In early 1945, the school changed over and trained B-29 gunners, using modified TB-24 aircraft.
He was promoted to colonel in January 1942 and brigadier general in April 1943, then organized the 36th Training Wing in Victorville, California. He returned to Las Vegas in December 1943, commanding the 82d Training Wing, overseeing the gunnery schools at Las Vegas, Kingman and Yuma, Arizona.
In April 1945, he was reassigned to Keflavik, Iceland, as commander, Iceland Base Command, through December 1945.

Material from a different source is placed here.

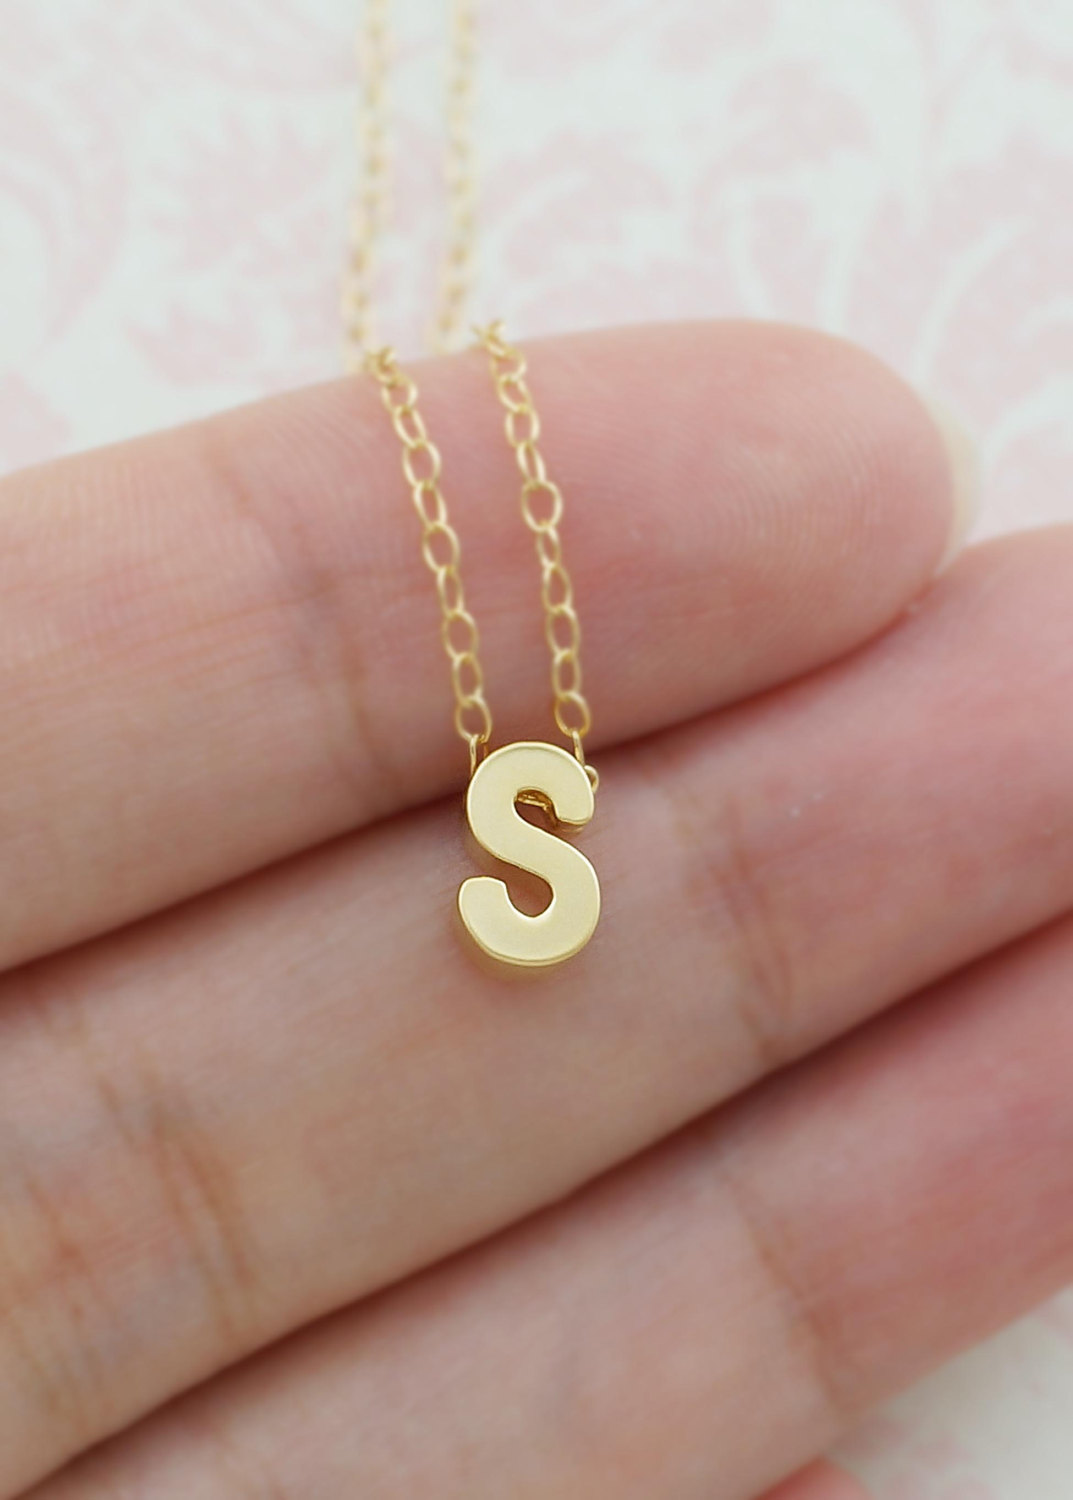 Gold Initial Necklace Gold Filled Chain Personalized Necklace Bridesmaid Necklace Bridesmaids Gift Weddings Christmas Gift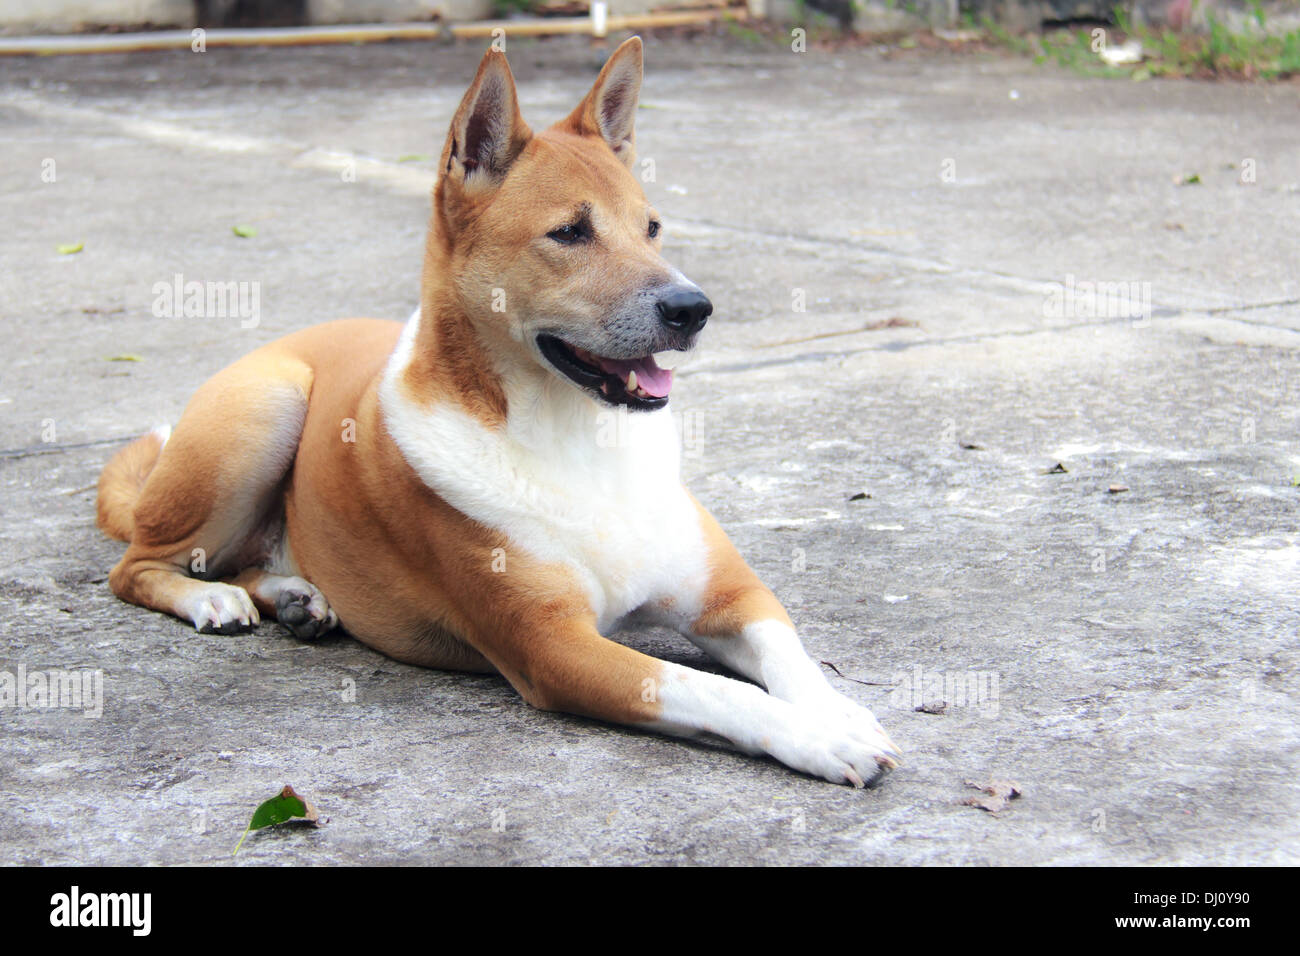 Brown dog looking , Thai dog relax Stock Photo

With the post-war drawdown, he spent the rest of his career in Air Inspector/Inspector General positions at Offutt AFB, Nebraska, and Kelly AFB, Texas. He retired in his highest grade held, brigadier general, effective June 1950. Never married, he returned to Las Vegas to live, while spending summers in Minnesota with his sisters and their families until passing away on June 23, 1979.
In 1980, shortly after his death, the Nellis AFB Base Operations building, originally the pre-war Western Air Express passenger terminal, was named in honor of Stenseth and remains so to this day.
His decorations include the Distinguished Service Cross, Legion of Merit with one oak leaf cluster, Silver Star, Mexican Border Service Medal, World War I Victory Medal, American Defense Service Medal, American Campaign Medal, Europe-Africa-Middle East Campaign Medal, World War II Victory Medal and Order of the Icelandic Falcon, Commander’s Cross.